# desicions..... desicions



## Manny (Nov 2, 2010)

Well for a year I did crosstraining doing Kenpo Karate.Afther a severe fascitis plantar I stop Kenpo and stop tkd training too and decided to teach (TKD only), however something's missing and it's the lack of learning new things.
I am a hunger person talking about MA, Ma is a huge part of my life right now, even I am rounding up a MA's friend club (one kenpo professor, one kenpo karate and taijutsu profesor,one lima lama and kendo profesor and myself). So I want to find what's missing and want to learn a new martial art and aikido is very high on my list.

I think aikido can be good, I mean is so diferente to what I am get used too, as long as I know aikido uses the force of the bad guy to redirictioned this force back to him, also uses take downs,trows,locks,pins etc.

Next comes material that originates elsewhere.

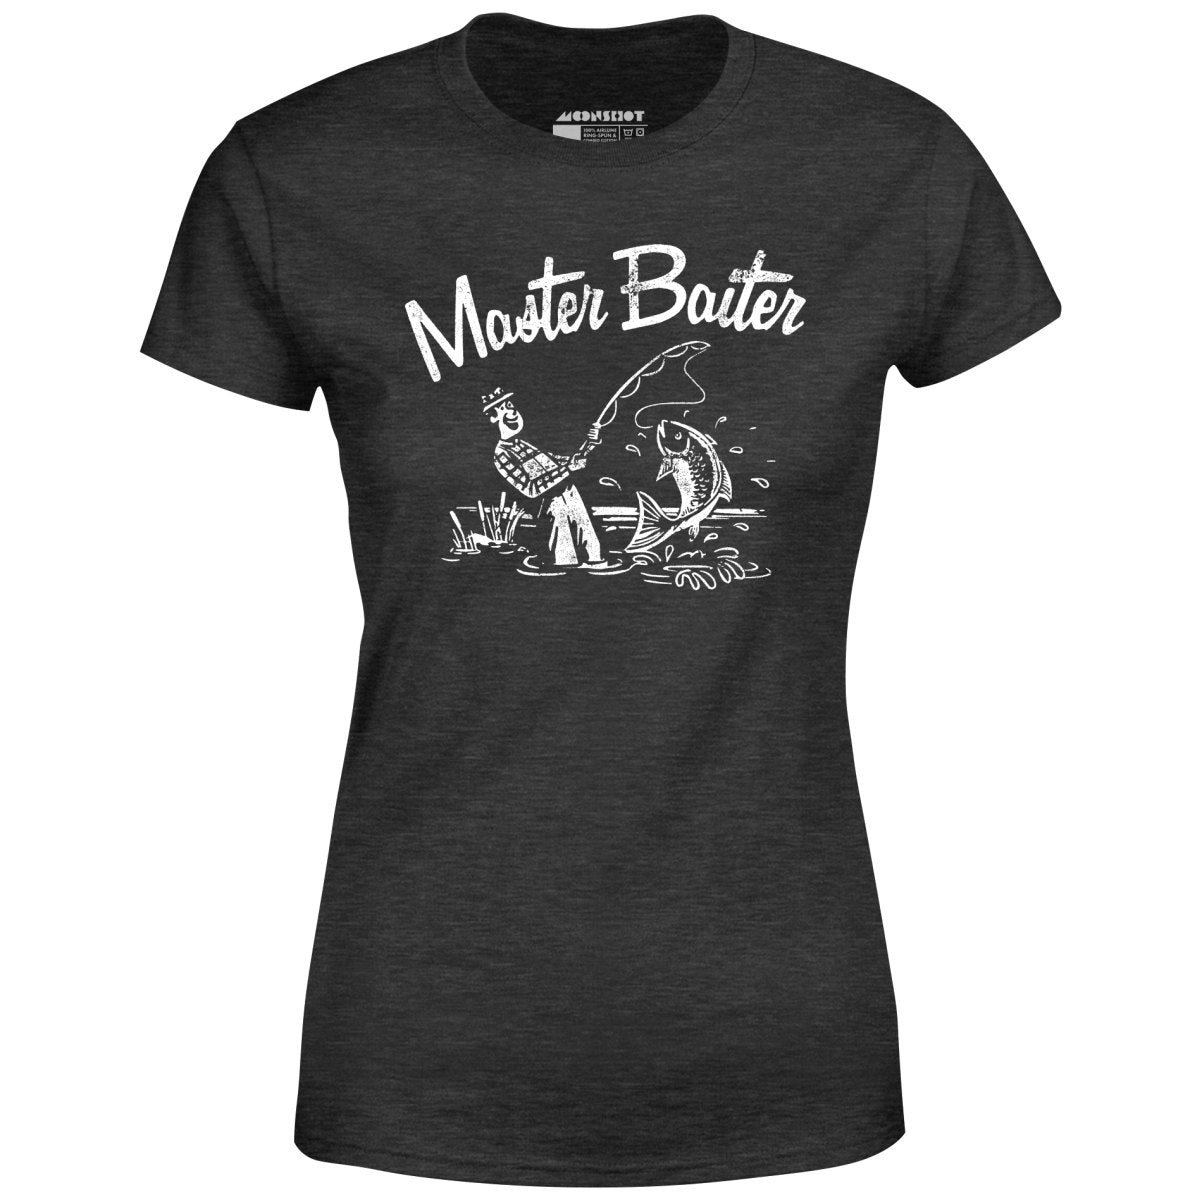 Master Baiter - Women's T-Shirt

I need a change, something that refreshes me, that keep me going, I know two dojos available, one is s nice dojo that's run by a person I know who is dee pinside aikido, the problem here is the schedule, the classes are too late at night. The other dojo is a little one with very few students, the sensei is in direct line with sensei Yukata Kurita the classes are not too late, the problem here is in this dojo it has not grown up men like myself, just 4 or 5 youngsters.

So a desicion need to be taken.

Manny


----------



## bluewaveschool (Nov 2, 2010)

I have 2 adults, a few teens and about 12 kids.  Mixed class is no big deal, it's about the quality of the instruction being given.  The guy might love to have an adult to demo on too, maybe cut you a deal on training fee.


----------



## harlan (Nov 3, 2010)

I'd opt for trying the kids class.

a. All beginners start the same place...rolling, rolling, rolling! 
b. Unless one of the youngsters is anywhere near your height, you'll probably get to work with the sensei for partner drills.


----------



## terryl965 (Nov 3, 2010)

Just go for it Manny and enjoy.


----------



## dancingalone (Nov 3, 2010)

Yes, I agree with Harlan.  Choose the smaller class because you'll be working with the teacher the vast majority of the time and that will speed your progression.

I would ask you to be careful though.  If you are inflexible and have health issues, aikido is no panacea martial art either.  Just the regular ukemi takes a toll out of you, and there's other aspects like shikko training which are tough on the knees too.


----------



## Manny (Nov 3, 2010)

dancingalone said:


> Yes, I agree with Harlan. Choose the smaller class because you'll be working with the teacher the vast majority of the time and that will speed your progression.
> 
> I would ask you to be careful though. If you are inflexible and have health issues, aikido is no panacea martial art either. Just the regular ukemi takes a toll out of you, and there's other aspects like shikko training which are tough on the knees too.


 
As usual thank you! Yes the aikido is not the panacea but my understanding is the following. In tkd because it's a kicking MA always one foot is in the air and the other on the floor,this leaves me with all my weight in one foot and ad torke in each kick,my foot swore and hurts.I think in Aikido where both feet are on the ground my weight is distributed and this can be benefical.

I need something fresh and aikido looks great don't you think?

Offcurse I have to be easy on the rolls and falls.

Manny


----------



## dancingalone (Nov 3, 2010)

Manny said:


> As usual thank you! Yes the aikido is not the panacea but my understanding is the following. In tkd because it's a kicking MA always one foot is in the air and the other on the floor,this leaves me with all my weight in one foot and ad torke in each kick,my foot swore and hurts.I think in Aikido where both feet are on the ground my weight is distributed and this can be benefical.
> 
> I need something fresh and aikido looks great don't you think?
> 
> ...



My thought is that any martial art will hurt if you have plantar fascitis.  Shikko walking will hurt because you push off the ground with your feet even though the knees seem to be the main focal point in this exercise.  Happo undo will hurt because you ARE moving even if the emphasis is on the hara.  One of the main themes in aikido is trying to establish a connection with the ground using the feet and this means _gripping _with the feet.

I am not trying to rain on your parade.  I think aikido is a great martial art, but you should approach this with awareness.  Aikido is as physically demanding as any other system if we want to be the very best we can be.  Injuries happen and we should leave the dojo hurting in a good way if our training was any good.


----------



## Manny (Nov 9, 2010)

Aikido next year. These days some kind bussy with my work and the tae kwon do clases but think starting on January 2011 it's good. I would atend the small dojo as you advise me.

Manny


----------